[Data items]
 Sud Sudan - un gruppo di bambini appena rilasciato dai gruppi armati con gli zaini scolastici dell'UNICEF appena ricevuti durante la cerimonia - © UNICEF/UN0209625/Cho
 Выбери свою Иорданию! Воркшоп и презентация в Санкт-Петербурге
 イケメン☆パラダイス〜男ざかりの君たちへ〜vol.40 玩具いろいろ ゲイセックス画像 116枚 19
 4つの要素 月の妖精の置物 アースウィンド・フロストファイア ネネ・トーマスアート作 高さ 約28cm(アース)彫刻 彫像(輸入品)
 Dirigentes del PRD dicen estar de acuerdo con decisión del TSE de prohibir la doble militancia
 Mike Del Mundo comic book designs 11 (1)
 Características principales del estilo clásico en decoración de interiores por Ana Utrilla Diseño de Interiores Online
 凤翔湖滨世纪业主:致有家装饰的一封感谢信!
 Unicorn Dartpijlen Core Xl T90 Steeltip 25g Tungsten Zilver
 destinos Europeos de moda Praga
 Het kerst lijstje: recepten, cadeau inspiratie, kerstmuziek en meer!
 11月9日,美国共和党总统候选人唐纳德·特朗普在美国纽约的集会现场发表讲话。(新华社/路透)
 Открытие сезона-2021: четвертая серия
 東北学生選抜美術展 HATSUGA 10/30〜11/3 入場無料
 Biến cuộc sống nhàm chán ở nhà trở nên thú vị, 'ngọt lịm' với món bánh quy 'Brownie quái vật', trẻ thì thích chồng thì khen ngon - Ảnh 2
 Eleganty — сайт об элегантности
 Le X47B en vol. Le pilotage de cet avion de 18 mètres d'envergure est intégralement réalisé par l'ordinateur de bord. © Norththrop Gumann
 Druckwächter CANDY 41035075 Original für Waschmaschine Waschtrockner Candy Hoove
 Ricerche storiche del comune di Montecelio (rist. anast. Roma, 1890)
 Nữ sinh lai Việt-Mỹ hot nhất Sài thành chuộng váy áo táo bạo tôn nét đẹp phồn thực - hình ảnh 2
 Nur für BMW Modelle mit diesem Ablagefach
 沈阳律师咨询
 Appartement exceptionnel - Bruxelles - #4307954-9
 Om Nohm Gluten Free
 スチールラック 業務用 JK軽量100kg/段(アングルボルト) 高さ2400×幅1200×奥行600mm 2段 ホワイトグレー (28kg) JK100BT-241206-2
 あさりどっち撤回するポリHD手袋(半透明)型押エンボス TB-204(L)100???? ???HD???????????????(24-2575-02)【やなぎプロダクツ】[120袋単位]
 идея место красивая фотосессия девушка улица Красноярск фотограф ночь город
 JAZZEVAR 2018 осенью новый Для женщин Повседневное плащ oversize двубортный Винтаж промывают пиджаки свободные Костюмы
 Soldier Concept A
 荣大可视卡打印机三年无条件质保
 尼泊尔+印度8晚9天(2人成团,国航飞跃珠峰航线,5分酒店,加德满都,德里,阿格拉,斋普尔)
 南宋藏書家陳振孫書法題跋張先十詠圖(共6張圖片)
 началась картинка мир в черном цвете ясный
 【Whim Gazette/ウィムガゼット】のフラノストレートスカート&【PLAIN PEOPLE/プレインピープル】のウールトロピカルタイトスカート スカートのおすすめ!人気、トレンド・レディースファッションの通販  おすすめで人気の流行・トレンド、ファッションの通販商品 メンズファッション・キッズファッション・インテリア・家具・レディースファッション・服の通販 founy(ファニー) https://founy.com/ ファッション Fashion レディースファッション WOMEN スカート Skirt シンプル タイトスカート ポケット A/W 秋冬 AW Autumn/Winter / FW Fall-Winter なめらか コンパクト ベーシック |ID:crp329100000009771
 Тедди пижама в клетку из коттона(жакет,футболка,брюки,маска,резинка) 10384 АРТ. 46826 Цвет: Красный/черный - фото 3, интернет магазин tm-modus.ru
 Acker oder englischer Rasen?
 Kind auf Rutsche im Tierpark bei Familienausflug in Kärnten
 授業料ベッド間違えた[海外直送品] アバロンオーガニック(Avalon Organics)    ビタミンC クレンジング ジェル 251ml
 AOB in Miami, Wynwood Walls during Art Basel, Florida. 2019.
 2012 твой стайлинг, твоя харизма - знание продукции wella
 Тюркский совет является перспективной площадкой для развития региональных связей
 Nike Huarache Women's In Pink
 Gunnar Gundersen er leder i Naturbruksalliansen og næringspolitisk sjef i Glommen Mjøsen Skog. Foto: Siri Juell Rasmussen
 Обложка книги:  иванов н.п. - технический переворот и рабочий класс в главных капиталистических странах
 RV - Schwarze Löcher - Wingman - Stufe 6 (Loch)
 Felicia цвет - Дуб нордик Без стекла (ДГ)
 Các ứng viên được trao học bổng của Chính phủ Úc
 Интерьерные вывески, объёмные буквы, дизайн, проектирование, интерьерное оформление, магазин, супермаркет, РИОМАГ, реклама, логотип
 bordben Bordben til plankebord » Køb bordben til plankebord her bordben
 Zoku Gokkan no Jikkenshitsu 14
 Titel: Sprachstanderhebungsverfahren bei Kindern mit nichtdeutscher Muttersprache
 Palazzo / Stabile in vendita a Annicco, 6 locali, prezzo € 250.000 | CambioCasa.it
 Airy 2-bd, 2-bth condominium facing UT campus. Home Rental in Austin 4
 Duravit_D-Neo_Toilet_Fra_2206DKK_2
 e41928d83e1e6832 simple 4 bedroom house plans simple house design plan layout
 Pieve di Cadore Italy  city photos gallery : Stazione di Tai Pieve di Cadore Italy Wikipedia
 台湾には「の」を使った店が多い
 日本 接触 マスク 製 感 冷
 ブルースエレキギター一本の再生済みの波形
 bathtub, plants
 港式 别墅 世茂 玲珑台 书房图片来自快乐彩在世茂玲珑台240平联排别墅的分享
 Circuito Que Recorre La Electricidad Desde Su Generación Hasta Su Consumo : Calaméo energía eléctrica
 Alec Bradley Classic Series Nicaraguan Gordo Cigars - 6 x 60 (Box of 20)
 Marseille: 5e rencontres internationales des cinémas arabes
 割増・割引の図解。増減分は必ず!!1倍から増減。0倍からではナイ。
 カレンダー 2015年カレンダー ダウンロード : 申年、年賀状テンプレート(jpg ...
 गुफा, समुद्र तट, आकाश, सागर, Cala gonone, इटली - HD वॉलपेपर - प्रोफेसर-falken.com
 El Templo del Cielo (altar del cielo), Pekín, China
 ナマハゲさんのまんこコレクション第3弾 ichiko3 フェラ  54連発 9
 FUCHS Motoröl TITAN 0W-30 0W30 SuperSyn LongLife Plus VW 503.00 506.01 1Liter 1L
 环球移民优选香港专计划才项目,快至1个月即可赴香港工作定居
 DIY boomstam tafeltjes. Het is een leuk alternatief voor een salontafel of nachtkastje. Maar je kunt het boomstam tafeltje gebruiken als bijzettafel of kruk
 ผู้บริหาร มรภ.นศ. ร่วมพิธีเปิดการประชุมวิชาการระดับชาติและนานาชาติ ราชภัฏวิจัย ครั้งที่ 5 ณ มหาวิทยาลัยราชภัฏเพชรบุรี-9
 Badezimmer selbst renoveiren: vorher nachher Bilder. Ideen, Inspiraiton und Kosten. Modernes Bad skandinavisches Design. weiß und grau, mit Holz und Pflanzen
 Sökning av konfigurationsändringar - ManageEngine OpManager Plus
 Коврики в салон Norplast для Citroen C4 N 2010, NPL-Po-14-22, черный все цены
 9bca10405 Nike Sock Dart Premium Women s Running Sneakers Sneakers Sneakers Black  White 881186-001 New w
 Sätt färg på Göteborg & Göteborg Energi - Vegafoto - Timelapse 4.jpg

About this task
Each entry needs to be copied out exactly.

Problem solution
 Sud Sudan - un gruppo di bambini appena rilasciato dai gruppi armati con gli zaini scolastici dell'UNICEF appena ricevuti durante la cerimonia - © UNICEF/UN0209625/Cho
 Выбери свою Иорданию! Воркшоп и презентация в Санкт-Петербурге
 イケメン☆パラダイス〜男ざかりの君たちへ〜vol.40 玩具いろいろ ゲイセックス画像 116枚 19
 4つの要素 月の妖精の置物 アースウィンド・フロストファイア ネネ・トーマスアート作 高さ 約28cm(アース)彫刻 彫像(輸入品)
 Dirigentes del PRD dicen estar de acuerdo con decisión del TSE de prohibir la doble militancia
 Mike Del Mundo comic book designs 11 (1)
 Características principales del estilo clásico en decoración de interiores por Ana Utrilla Diseño de Interiores Online
 凤翔湖滨世纪业主:致有家装饰的一封感谢信!
 Unicorn Dartpijlen Core Xl T90 Steeltip 25g Tungsten Zilver
 destinos Europeos de moda Praga
 Het kerst lijstje: recepten, cadeau inspiratie, kerstmuziek en meer!
 11月9日,美国共和党总统候选人唐纳德·特朗普在美国纽约的集会现场发表讲话。(新华社/路透)
 Открытие сезона-2021: четвертая серия
 東北学生選抜美術展 HATSUGA 10/30〜11/3 入場無料
 Biến cuộc sống nhàm chán ở nhà trở nên thú vị, 'ngọt lịm' với món bánh quy 'Brownie quái vật', trẻ thì thích chồng thì khen ngon - Ảnh 2
 Eleganty — сайт об элегантности
 Le X47B en vol. Le pilotage de cet avion de 18 mètres d'envergure est intégralement réalisé par l'ordinateur de bord. © Norththrop Gumann
 Druckwächter CANDY 41035075 Original für Waschmaschine Waschtrockner Candy Hoove
 Ricerche storiche del comune di Montecelio (rist. anast. Roma, 1890)
 Nữ sinh lai Việt-Mỹ hot nhất Sài thành chuộng váy áo táo bạo tôn nét đẹp phồn thực - hình ảnh 2
 Nur für BMW Modelle mit diesem Ablagefach
 沈阳律师咨询
 Appartement exceptionnel - Bruxelles - #4307954-9
 Om Nohm Gluten Free
 スチールラック 業務用 JK軽量100kg/段(アングルボルト) 高さ2400×幅1200×奥行600mm 2段 ホワイトグレー (28kg) JK100BT-241206-2
 あさりどっち撤回するポリHD手袋(半透明)型押エンボス TB-204(L)100???? ???HD???????????????(24-2575-02)【やなぎプロダクツ】[120袋単位]
 идея место красивая фотосессия девушка улица Красноярск фотограф ночь город
 JAZZEVAR 2018 осенью новый Для женщин Повседневное плащ oversize двубортный Винтаж промывают пиджаки свободные Костюмы
 Soldier Concept A
 荣大可视卡打印机三年无条件质保
 尼泊尔+印度8晚9天(2人成团,国航飞跃珠峰航线,5分酒店,加德满都,德里,阿格拉,斋普尔)
 南宋藏書家陳振孫書法題跋張先十詠圖(共6張圖片)
 началась картинка мир в черном цвете ясный
 【Whim Gazette/ウィムガゼット】のフラノストレートスカート&【PLAIN PEOPLE/プレインピープル】のウールトロピカルタイトスカート スカートのおすすめ!人気、トレンド・レディースファッションの通販  おすすめで人気の流行・トレンド、ファッションの通販商品 メンズファッション・キッズファッション・インテリア・家具・レディースファッション・服の通販 founy(ファニー) https://founy.com/ ファッション Fashion レディースファッション WOMEN スカート Skirt シンプル タイトスカート ポケット A/W 秋冬 AW Autumn/Winter / FW Fall-Winter なめらか コンパクト ベーシック |ID:crp329100000009771
 Тедди пижама в клетку из коттона(жакет,футболка,брюки,маска,резинка) 10384 АРТ. 46826 Цвет: Красный/черный - фото 3, интернет магазин tm-modus.ru
 Acker oder englischer Rasen?
 Kind auf Rutsche im Tierpark bei Familienausflug in Kärnten
 授業料ベッド間違えた[海外直送品] アバロンオーガニック(Avalon Organics)    ビタミンC クレンジング ジェル 251ml
 AOB in Miami, Wynwood Walls during Art Basel, Florida. 2019.
 2012 твой стайлинг, твоя харизма - знание продукции wella
 Тюркский совет является перспективной площадкой для развития региональных связей
 Nike Huarache Women's In Pink
 Gunnar Gundersen er leder i Naturbruksalliansen og næringspolitisk sjef i Glommen Mjøsen Skog. Foto: Siri Juell Rasmussen
 Обложка книги:  иванов н.п. - технический переворот и рабочий класс в главных капиталистических странах
 RV - Schwarze Löcher - Wingman - Stufe 6 (Loch)
 Felicia цвет - Дуб нордик Без стекла (ДГ)
 Các ứng viên được trao học bổng của Chính phủ Úc
 Интерьерные вывески, объёмные буквы, дизайн, проектирование, интерьерное оформление, магазин, супермаркет, РИОМАГ, реклама, логотип
 bordben Bordben til plankebord » Køb bordben til plankebord her bordben
 Zoku Gokkan no Jikkenshitsu 14
 Titel: Sprachstanderhebungsverfahren bei Kindern mit nichtdeutscher Muttersprache
 Palazzo / Stabile in vendita a Annicco, 6 locali, prezzo € 250.000 | CambioCasa.it
 Airy 2-bd, 2-bth condominium facing UT campus. Home Rental in Austin 4
 Duravit_D-Neo_Toilet_Fra_2206DKK_2
 e41928d83e1e6832 simple 4 bedroom house plans simple house design plan layout
 Pieve di Cadore Italy  city photos gallery : Stazione di Tai Pieve di Cadore Italy Wikipedia
 台湾には「の」を使った店が多い
 日本 接触 マスク 製 感 冷
 ブルースエレキギター一本の再生済みの波形
 bathtub, plants
 港式 别墅 世茂 玲珑台 书房图片来自快乐彩在世茂玲珑台240平联排别墅的分享
 Circuito Que Recorre La Electricidad Desde Su Generación Hasta Su Consumo : Calaméo energía eléctrica
 Alec Bradley Classic Series Nicaraguan Gordo Cigars - 6 x 60 (Box of 20)
 Marseille: 5e rencontres internationales des cinémas arabes
 割増・割引の図解。増減分は必ず!!1倍から増減。0倍からではナイ。
 カレンダー 2015年カレンダー ダウンロード : 申年、年賀状テンプレート(jpg ...
 गुफा, समुद्र तट, आकाश, सागर, Cala gonone, इटली - HD वॉलपेपर - प्रोफेसर-falken.com
 El Templo del Cielo (altar del cielo), Pekín, China
 ナマハゲさんのまんこコレクション第3弾 ichiko3 フェラ  54連発 9
 FUCHS Motoröl TITAN 0W-30 0W30 SuperSyn LongLife Plus VW 503.00 506.01 1Liter 1L
 环球移民优选香港专计划才项目,快至1个月即可赴香港工作定居
 DIY boomstam tafeltjes. Het is een leuk alternatief voor een salontafel of nachtkastje. Maar je kunt het boomstam tafeltje gebruiken als bijzettafel of kruk
 ผู้บริหาร มรภ.นศ. ร่วมพิธีเปิดการประชุมวิชาการระดับชาติและนานาชาติ ราชภัฏวิจัย ครั้งที่ 5 ณ มหาวิทยาลัยราชภัฏเพชรบุรี-9
 Badezimmer selbst renoveiren: vorher nachher Bilder. Ideen, Inspiraiton und Kosten. Modernes Bad skandinavisches Design. weiß und grau, mit Holz und Pflanzen
 Sökning av konfigurationsändringar - ManageEngine OpManager Plus
 Коврики в салон Norplast для Citroen C4 N 2010, NPL-Po-14-22, черный все цены
 9bca10405 Nike Sock Dart Premium Women s Running Sneakers Sneakers Sneakers Black  White 881186-001 New w
 Sätt färg på Göteborg & Göteborg Energi - Vegafoto - Timelapse 4.jpg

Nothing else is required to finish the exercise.